Detection proceeds through three ordered stages, falling through only when necessary:

  1. BOM inspection — deterministic; longest-match first (4-byte UTF-32 before 2-byte UTF-16).
  2. UTF-8 structural validation — a leading 8 KB sample is decoded with utf8.decode(allowMalformed: false). Valid decode → utf-8.
  3. Candidate probe — the sample is tested against each candidate encoding using Charset.canDecode from the charset package.

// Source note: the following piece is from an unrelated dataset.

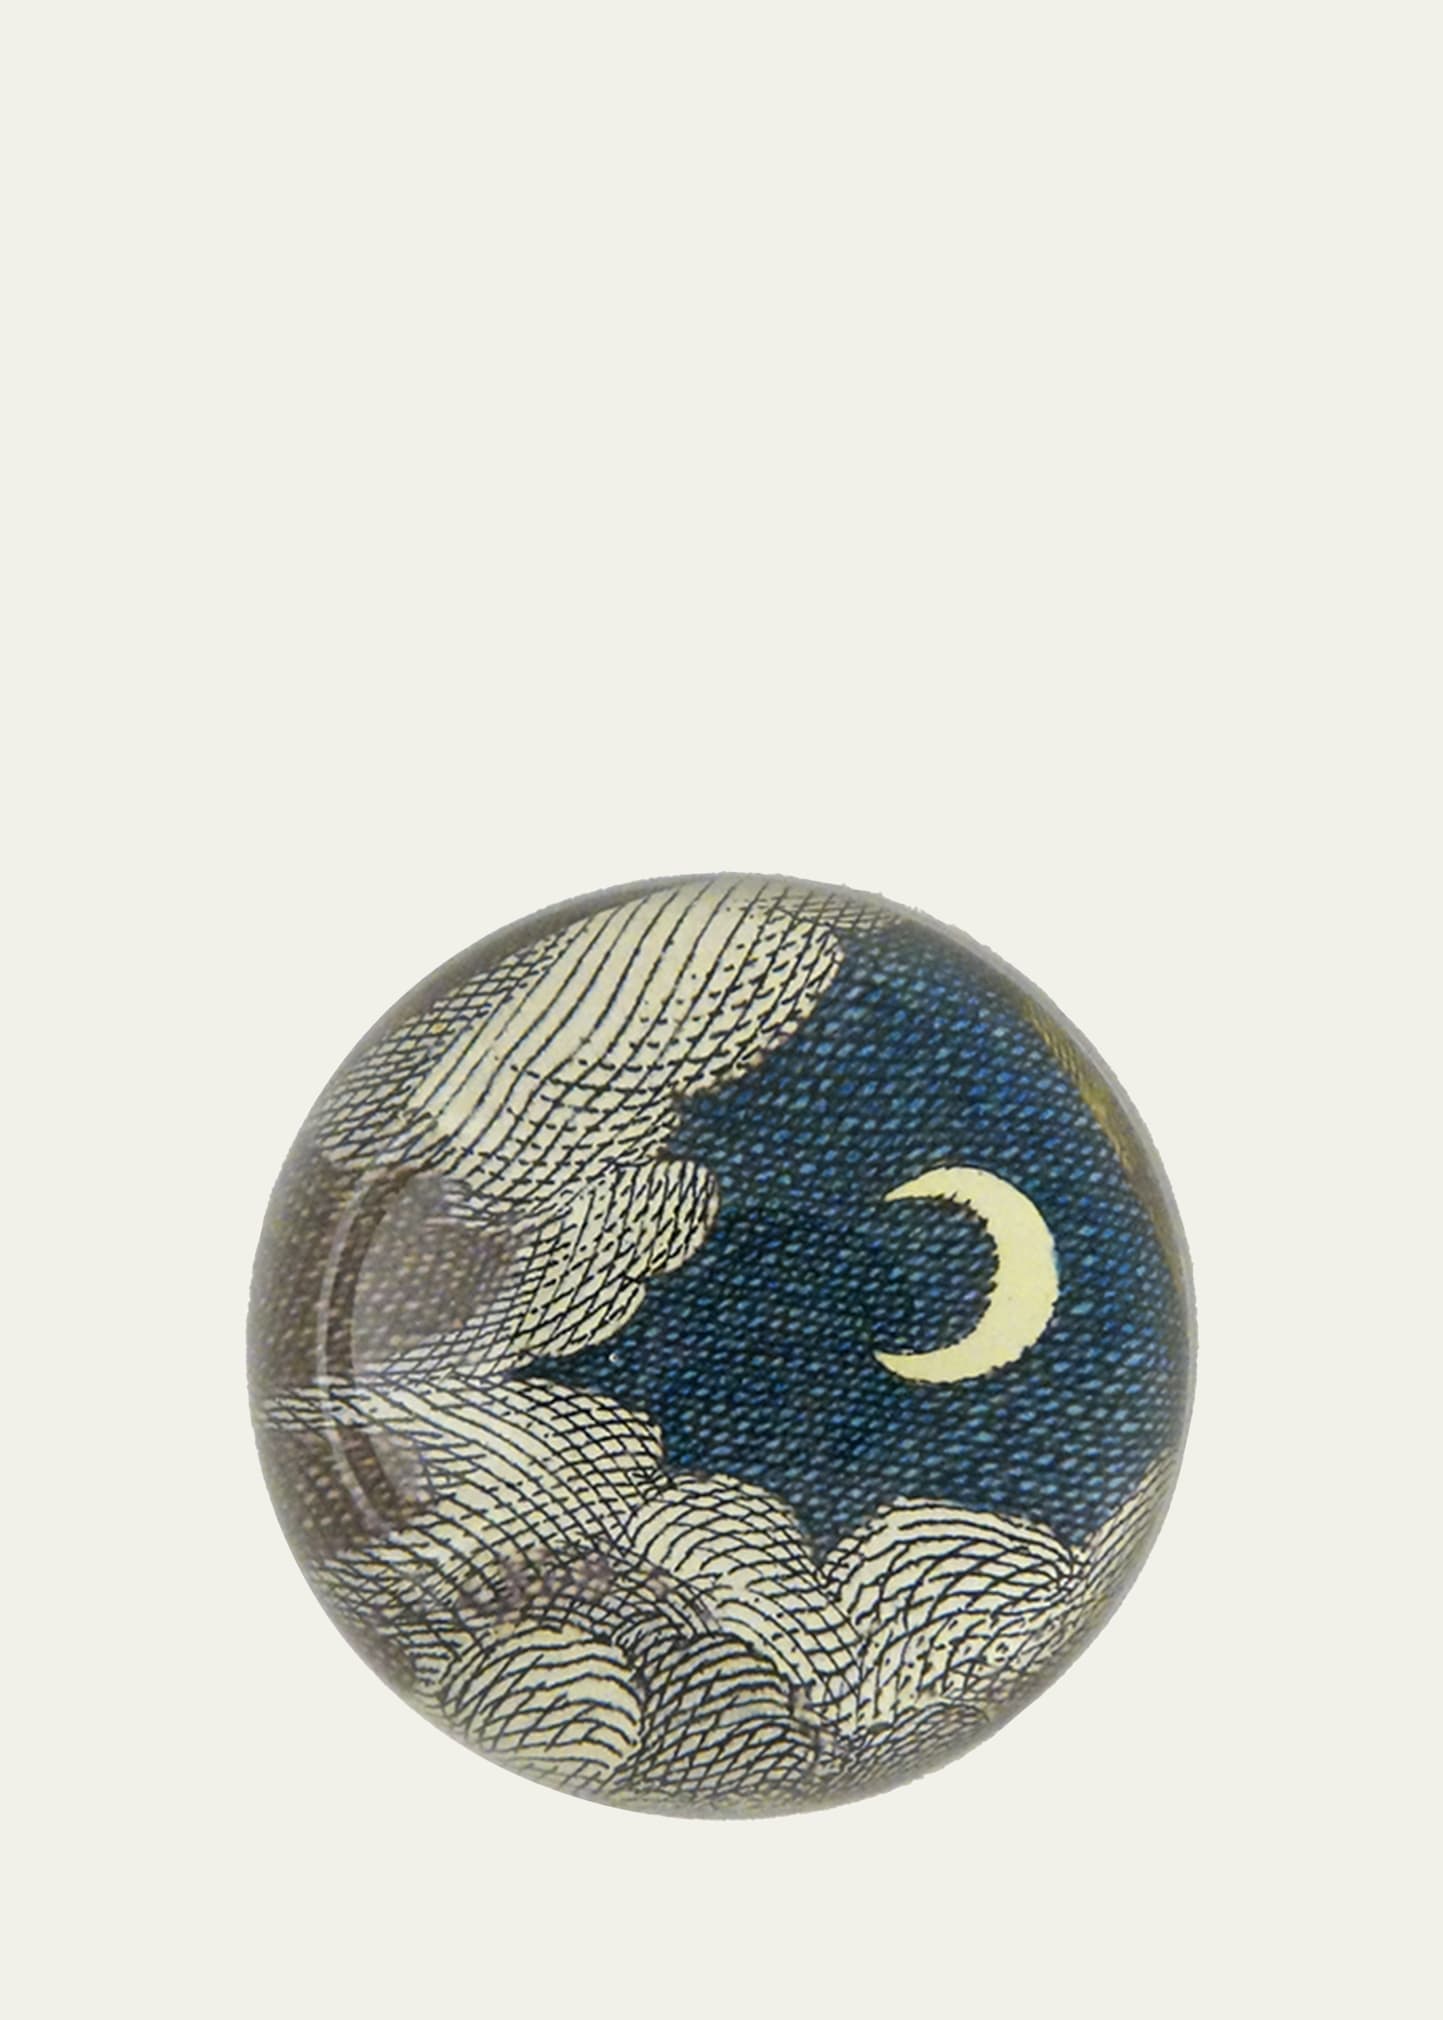 John Derian Peacock Dome Paperweight In Multi

CJK encodings are promoted when >15% of sample bytes are ≥ 0x80.

Fallback: windows-1252.

Only the first 8 KB of input is read; the boundary is a hard byte cut (not aligned to character boundaries). This is a documented trade-off: the edge case of a valid UTF-8 file whose multi-byte sequence spans the 8 KB boundary is vanishingly rare and the consequence (misdetected as windows-1252) is mild.

Empty input returns utf-8 (empty byte sequences are valid UTF-8).

Additional information

Libraries

betto_charset_detector
A pure-Dart charset detection library for Dart and Flutter applications.